Whether you refuse to let a single speck of trans fat cross your lips or never met an entire pint of ice cream you didn't like, it's the rare individual whose attitude toward food, weight loss, and body image is 100% normal (define normal anyway).
In fact, on average women think about their bodies eight times a day, found one recent survey, and about 80% of women are dissatisfied with their appearance. It's no wonder many women report signs of disordered eating-like excessively counting calories or working out just to burn off food-even if they never develop a full-blown disorder such as anorexia or bulimia. Problem is, there's often a fine line between eating healthfully to slim down and becoming fixated with food. Here are some red flags that could indicate a food/weight obsession.
1. You eat in reaction to bad (or good) news.

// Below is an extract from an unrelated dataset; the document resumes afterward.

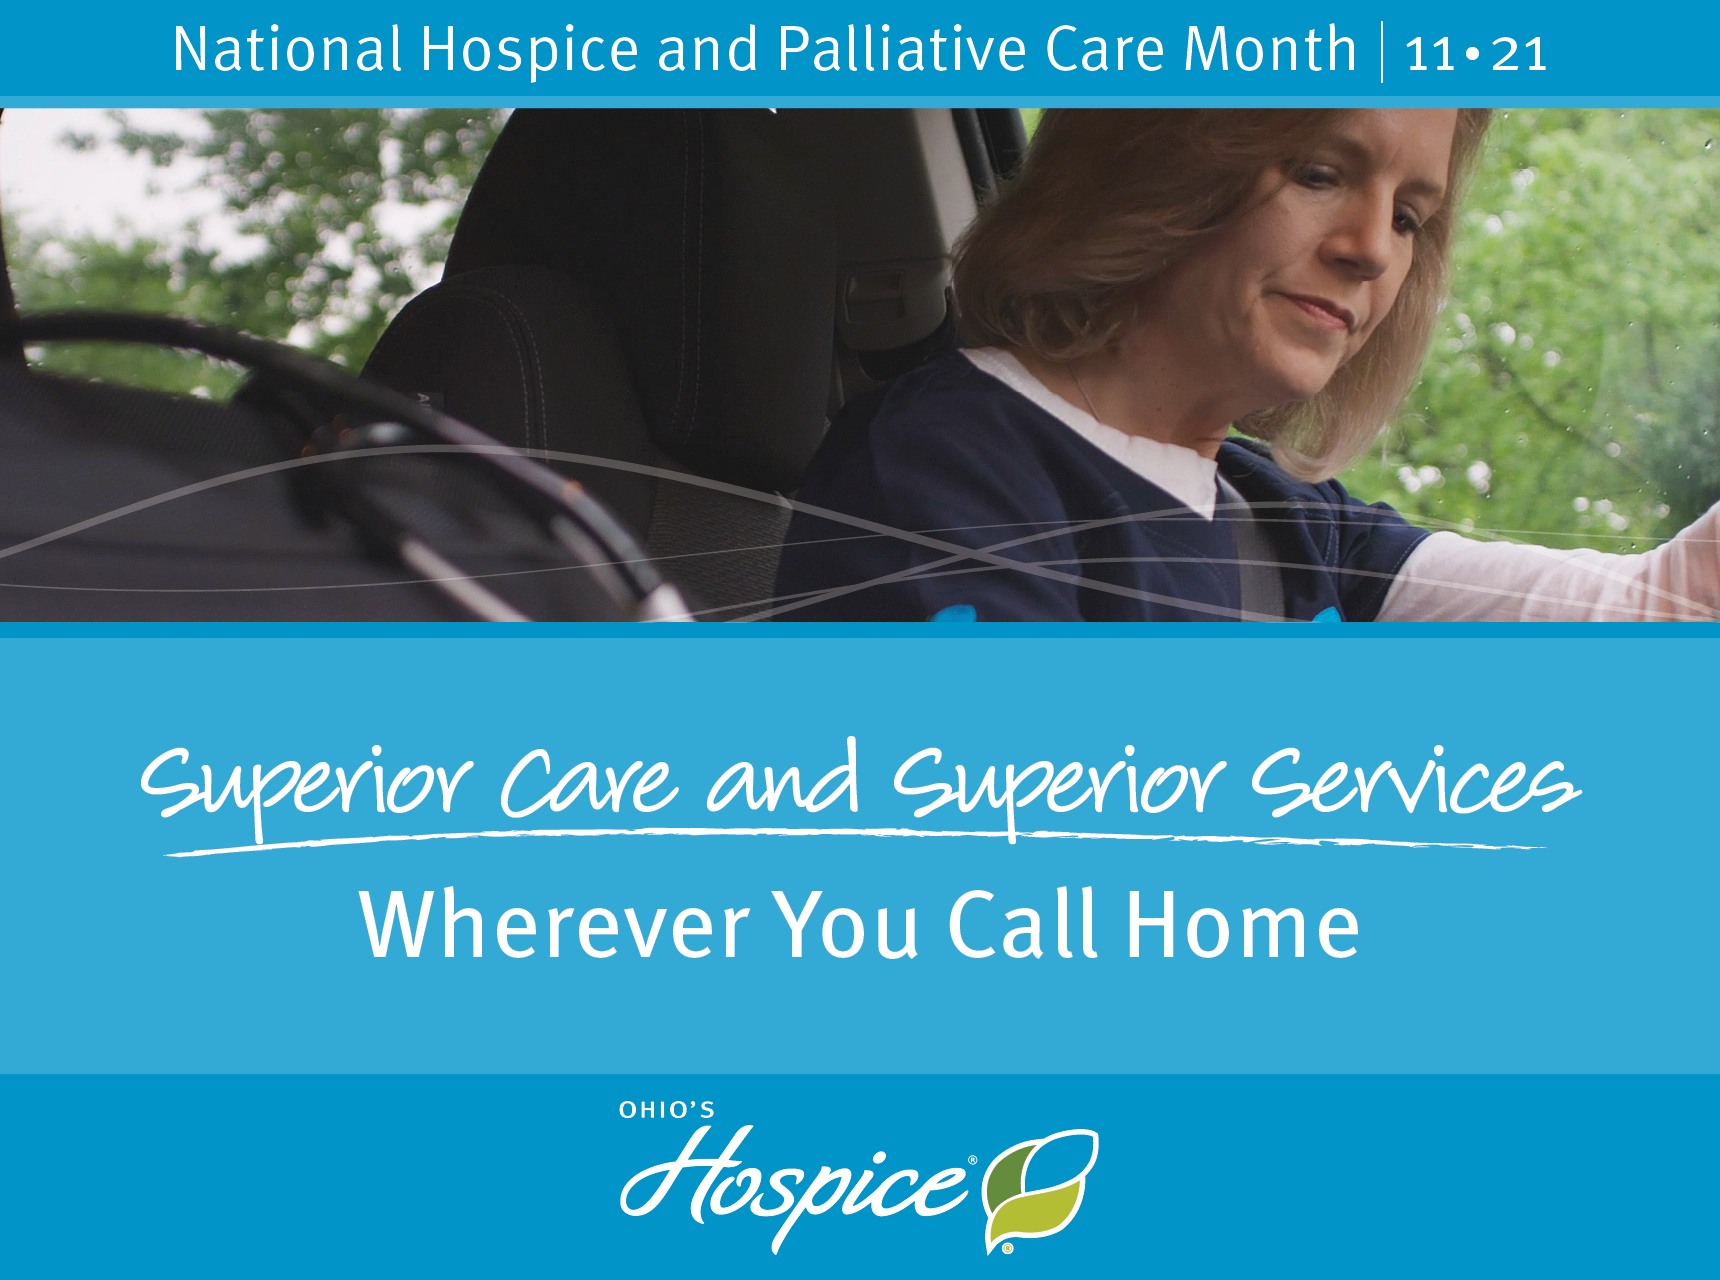 National Hospice and Palliative Care Month - Superior Care and Superior Services Wherever You Call Home - Ohio's Hospice

You're having a stressful day, so you treat yourself to Cheetos at the vending machine. Or you just got major props from your boss for nailing a big presentation, so you supersize your french fries as a reward. If food is your automatic reaction to dealing with any emotion-good or bad-it could signal an unhealthy relationship. Another sign: When you're upset, you turn to food before you call your partner or a friend.

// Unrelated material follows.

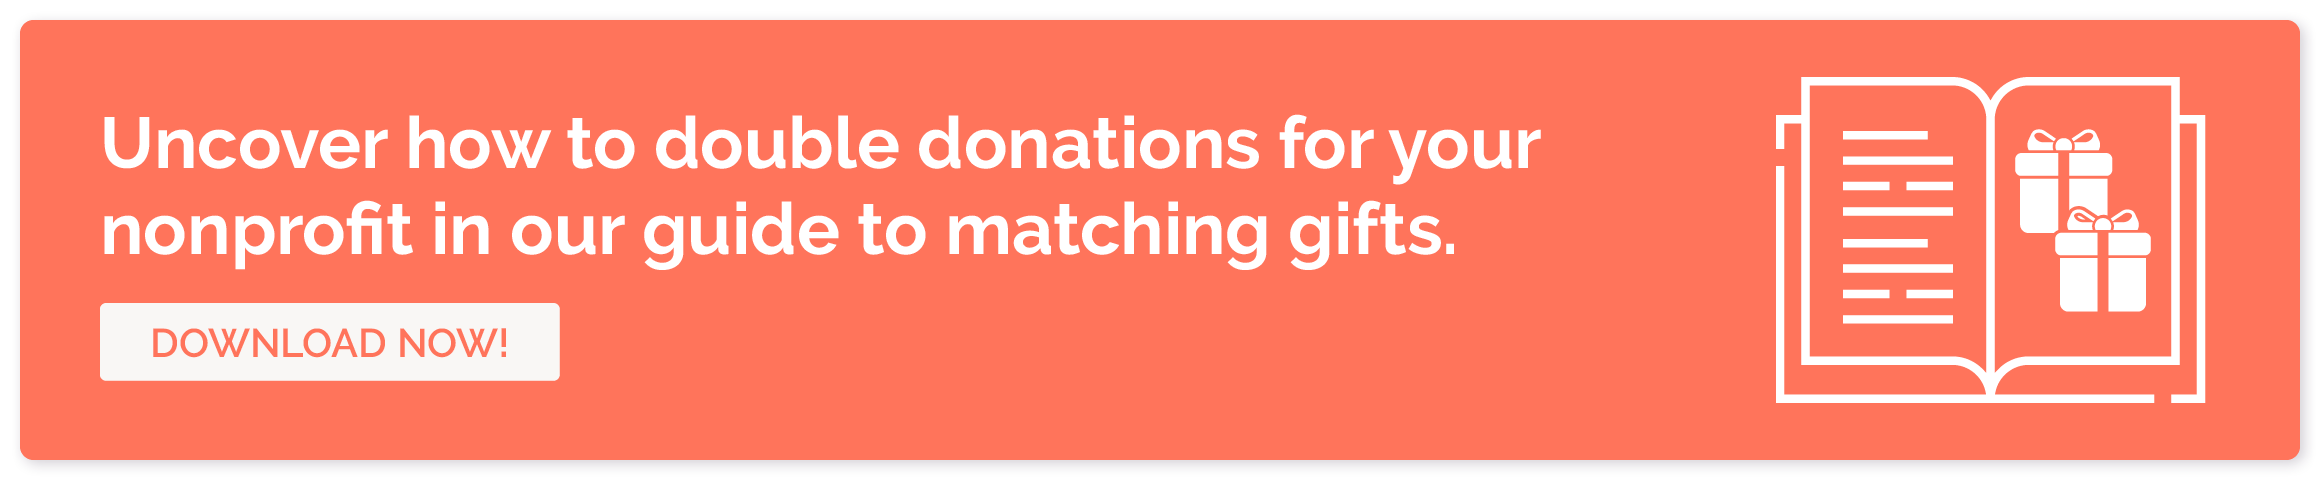 Uncover how to double donations for your nonprofit in our guide to matching gifts. Download now!

2. You eat without feeling hungry.
It's 12:30, your usual lunchtime. Do you automatically make a beeline for your favorite sandwich shop-or ask yourself if you're hungry first? If the former sounds familiar, it means you've detached eating from physical hunger and you may eat out of boredom, anxiety, habit, desire, or some other emotion. But going with your gut-literally-is best for your health. Women who follow internal hunger and satiety cues report higher levels of self-esteem and optimism and lower BMIs, according to a Journal of Counseling Psychology study.
3. You have out-of-control eating binges.
Everyone indulges in an extra slice of pizza or another handful of M&M's. But if you regularly eat much more than you intended, stuff yourself until you're uncomfortably full, or feel like you can't stop eating, that could be something to watch.
Overeating like this can result from going too long between meals or restricting yourself, not to mention that age-old culprit: boredom. You start with a bag of popcorn. All that salt makes you crave something sweet, like ice cream. Then you feel thirsty, so you have a soda.
Eat frequent, consistently sized meals to avoid binges and feel happier. Research from Liverpool John Moores University found that women who fluctuated between low- and high-calorie meals were less happy with their bodies than those whose plates packed a similar number of calories from meal to meal.
4. There's zero variety in your diet
You've had Rice Krispies with fat-free milk for breakfast every day for 10 years. For lunch, it's always salad with the same fat-free dressing. And for dinner, what's wrong with grilled chicken and steamed broccoli Monday through Thursday?
Fact is, someone who eats like this takes no pleasure in food. The satisfaction comes not from the experience but from knowing they've met requirements on a nutrition label. Another danger: missing important nutrients. Different grains, dairy, meats, nuts, beans, vegetables, and fruit means you get a variety of essential vitamins, minerals, and antioxidants every day.
5. You count every last calorie.
It's one thing to watch your intake while you're trying to lose weight. But over time, people can gauge how much to eat to maintain weight loss without poring over every label. If you've cut calories dangerously low (less than 1,200 a day for most women) and your life revolves around your food "rules," then you've taken things too far.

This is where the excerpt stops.